An empress in black lace with jet buttons and a pink artificial rose, she had ruled over the Red Lion Bar for nearly thirty years. Like a constitutional monarch, although she took no part in the conduct of affairs, she had a clearer view than the more active participants of everything that went on. She knew all about the balloon factory and John Handiman’s financial troubles, and because it was unusual for him to drink in the morning she guessed that he was on his way to or from an uncomfortable interview at the Bank. She knew all about the ups-and-downs of the Festival too, about the midnight doings of Miss Foulkes, about the Beauty Queens’ quarrel and about the tentative and tangled courtship of the Beauty Queens by Robin and Lance. She knew that Sir Almeric hadn’t as much money as he pretended to have and that Mr. Oxford had a great deal more; that Mr. Gurney made a good thing out of selling “antique” furniture with artificial worm-holes in it, and that Stephen’s bookshop was tottering to its ruin. And she locked up all this knowledge in her large and compassionate heart, regarding the whole distressing scene with the tolerance and calm of one who had married
three husbands and buried them all.
They had been no ordinary husbands either. Her first was said to have been a lion-tamer from a circus. Her second had endeavoured to predict the winners of horse races by studying the stars, and had lost all her savings, as as well as his own, through a trifling miscalculation about the date when Jupiter entered the aqueous sign of Pisces. Her third had possessed the absorbing hobby of collecting the labels off whisky-bottles and sticking them in a scrap-book; he had drunk himself to death during the war and left the labels of ninety-nine different brands as his strange memorial. From these and other experiences Florrie had acquired her comfortable conviction that it took all sorts to make a world.
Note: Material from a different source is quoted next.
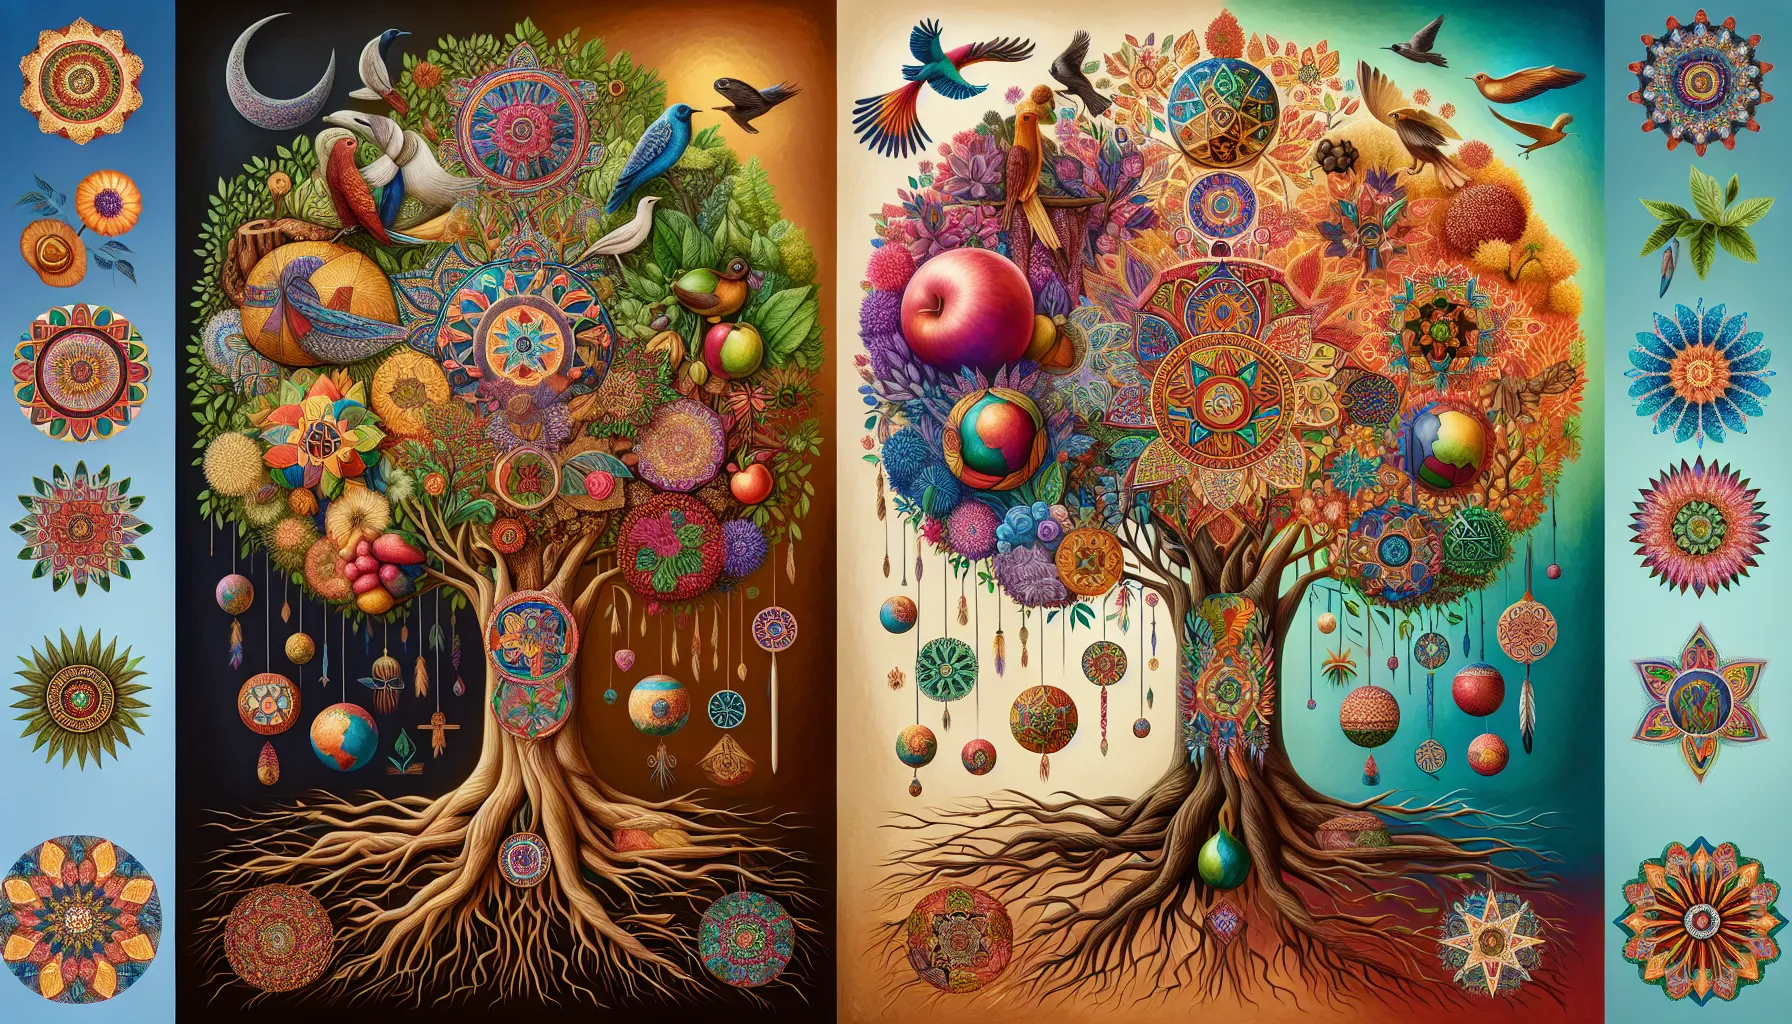 Representación simbólica del árbol de la vida en diferentes sociedades y tradiciones culturales

But the manager, Old Screwnose as she called him, who now came creeping into the bar through the door at the back, nevertheless tried her patience sorely. He was carrying by their necks, as if they were snakes which might bite him, two bottles of whisky. “This is all you get,” he said defensively, dumping them on the counter. “It’s our Allocation.” That was one of the words which he always spoke reverently and as it were with a capital letter, as if they were some sort of abracadabra or mumbo-jumbo of which he stood in awe: Allocation, Triplicate, Quota, Directive; for in the war he had been a Temporary Civil Servant. To Florrie, who had worked for nearly a dozen innkeepers in her time, good and bad ones, drunken and sober ones, gamblers, spendthrifts, wife-beaters, likers of bits of skirt, and even one who had cut his throat in the cellar all among the beer barrels, Mr. Hawker was a source of perpetual astonishment and dismay. Not that there was anything remarkable about him, except his crooked nose; he was just an ordinary petty puritan, with a thin peaky face, sandy moustache, and rimless glasses, habited in the shiny black pin-stripe which had been his bureaucratic uniform. Among Licensed Victuallers, however, puritans and teetotallers are rare birds; and Florrie often caught herself staring at him as if he were a hoopoe hopping about on the lawn. All her previous employers, even the worst of them, had been like large or lesser suns, giving out light and warmth to customer and crony. They shone, they glowed in her memory, each the centre of a miniature solar system which revolved merrily about him. But Mr. Hawker generated no warmth; he was as cold as a dead star; he possessed no planetary cronies. His only interest in the customers took the form of a niggling apprehension lest they should misbehave themselves; and his only concern about the bar was how many glasses had been broken last week. He disapproved strongly of the Festival because he thought it would bring undesirable charabanc people to the town.